The Aegis Dispatch Protocol is the mechanism the orchestrator uses to trigger subprocess execution inside the agent container. It is designed to be runtime-agnostic, enabling AEGIS to switch between Docker, Podman, and Firecracker without modification to the agent's execution logic.

AgentRuntime Trait and ContainerRuntime

The AgentRuntime trait abstracts over all supported container backends. The concrete implementation, ContainerRuntime (previously named DockerRuntime), uses the bollard crate to communicate with any Docker-API-compatible daemon -- including both Docker Engine and Podman. The same trait will back future Firecracker support as a separate implementation.

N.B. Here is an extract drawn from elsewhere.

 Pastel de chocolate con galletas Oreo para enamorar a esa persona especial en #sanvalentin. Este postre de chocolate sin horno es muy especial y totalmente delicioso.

For full technical details, including wire formats and the bootstrap.py implementation, see the Aegis Dispatch Protocol concept page.

Security and Subcommand Allowlist

Every cmd.run invocation is validated against the subcommand_allowlist declared in the agent manifest's spec.tools block before execution. This ensures that even within the container, agents can only execute a strictly defined set of commands and subcommands (e.g., allowing cargo build but not cargo publish).

Policy enforcement happens entirely on the orchestrator host; bootstrap.py receives only commands that have already passed all security checks.

Execution Context in Refinement

When a validator fails and a new iteration begins, the orchestrator injects additional context into the next iteration's message history:

{
  "role": "system",
  "content": "Iteration 1 failed validation.\n\nValidator: json_schema\nScore: 0.0 (threshold: 1.0)\nDetails: Required property 'output' is missing.\n\nPlease fix the issue and try again."
}

This context is injected after the user's original task message but before the new iteration begins, so the LLM sees both the original task and the specific failure reason.